Thanks for getting back so quick.
Looks like SIGINT
works even with those hanging gunicorn processes. Note in original post I described how SIGTERM
does nothing, but replacing it for SIGINT
does the trick:
root@1d53611e14f4:/seafile# ps -ef | grep -v grep | grep wsgidav
root 1404 1 0 16:53 ? 00:00:00 /usr/bin/python3 -m wsgidav.server.server_cli --server gunicorn --root / --log-file /seafile/logs/seafdav.log --pid /seafile/pids/seafdav.pid --port 8080 --host 0.0.0.0
root 1405 1 0 16:53 ? 00:00:00 /usr/bin/python3 -m wsgidav.server.server_cli --server gunicorn --root / --log-file /seafile/logs/seafdav.log --pid /seafile/pids/seafdav.pid --port 8080 --host 0.0.0.0
root 1406 1 0 16:53 ? 00:00:00 /usr/bin/python3 -m wsgidav.server.server_cli --server gunicorn --root / --log-file /seafile/logs/seafdav.log --pid /seafile/pids/seafdav.pid --port 8080 --host 0.0.0.0
root 1407 1 0 16:53 ? 00:00:00 /usr/bin/python3 -m wsgidav.server.server_cli --server gunicorn --root / --log-file /seafile/logs/seafdav.log --pid /seafile/pids/seafdav.pid --port 8080 --host 0.0.0.0
root 1408 1 0 16:53 ? 00:00:00 /usr/bin/python3 -m wsgidav.server.server_cli --server gunicorn --root / --log-file /seafile/logs/seafdav.log --pid /seafile/pids/seafdav.pid --port 8080 --host 0.0.0.0
root@1d53611e14f4:/seafile# pkill --signal SIGINT -f 'wsgidav.server.server_cli'
root@1d53611e14f4:/seafile# echo $?
0
root@1d53611e14f4:/seafile# ps -ef | grep -v grep | grep wsgidav
Is it possibly due to gunicorn itself handling INT, but not TERM signals?

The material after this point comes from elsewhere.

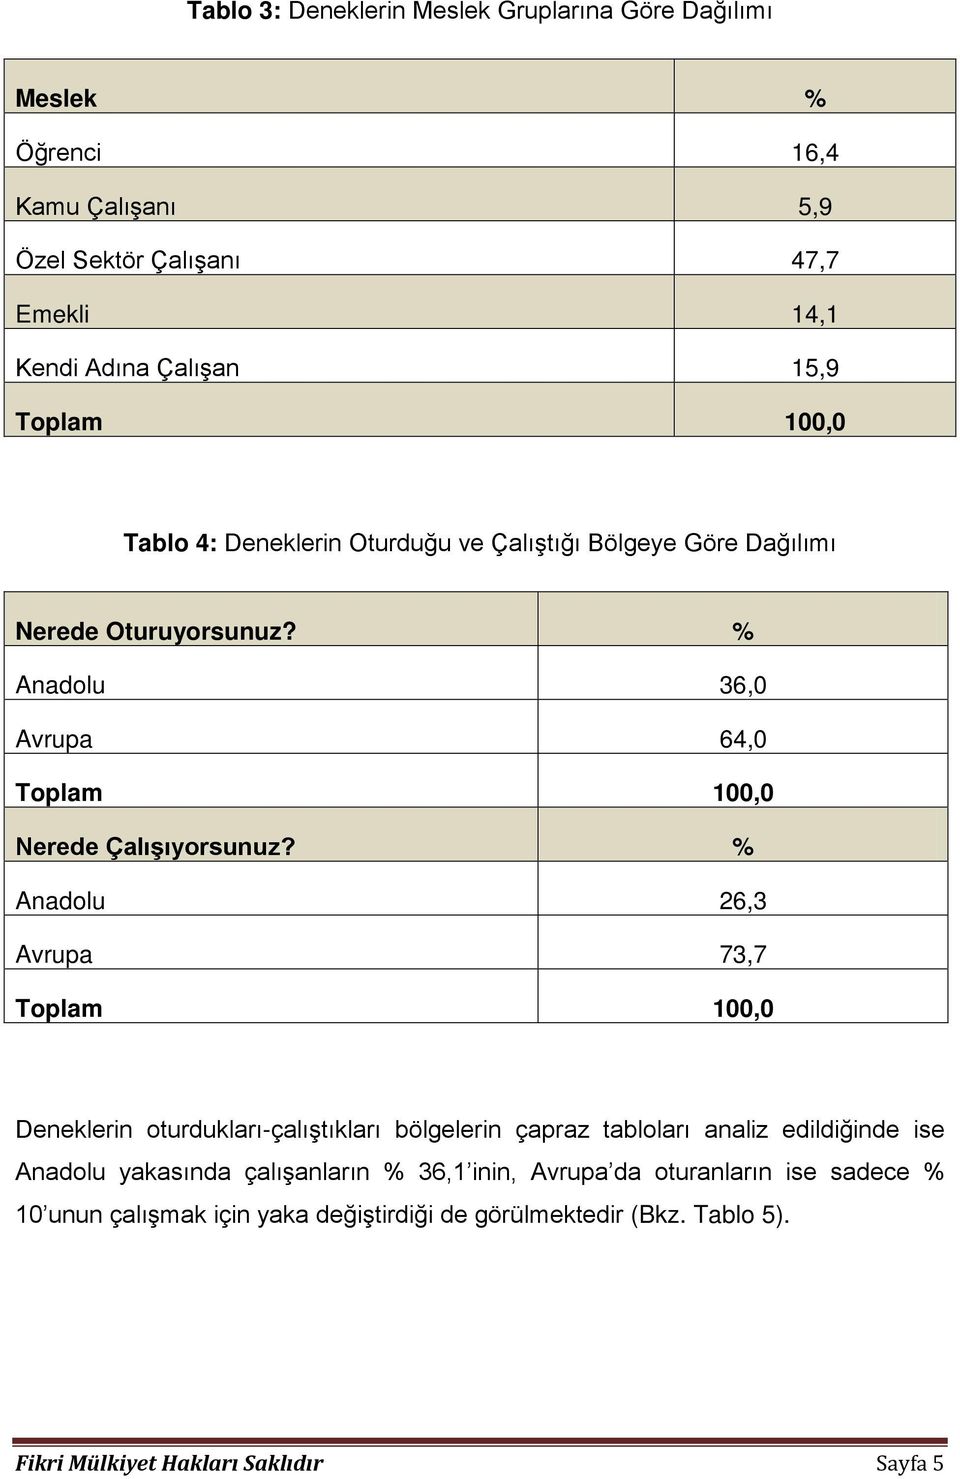 % Anadolu 26,3 Avrupa 73,7 Deneklerin oturdukları-çalıştıkları bölgelerin çapraz tabloları analiz edildiğinde ise Anadolu yakasında çalışanların %

At any rate, think I'll propose Seafile team to:
- stop SIGKILLing processes as the first step;
- consider SIGINT-ing webdav as opposed to TERM-ing
Although INT is a bit weird signal to send in this case, as afaik it's supposed to be keyboard/user interrupt, i.e. implies interactivity, not one system interrupting another.
Worth noting following your example using version 4.3.3
I'm unable to reproduce the conditions where some child processes hang around. Killing via both TERM & KILL signals always result in all processes being reaped. Unsure what's going on under Seafile.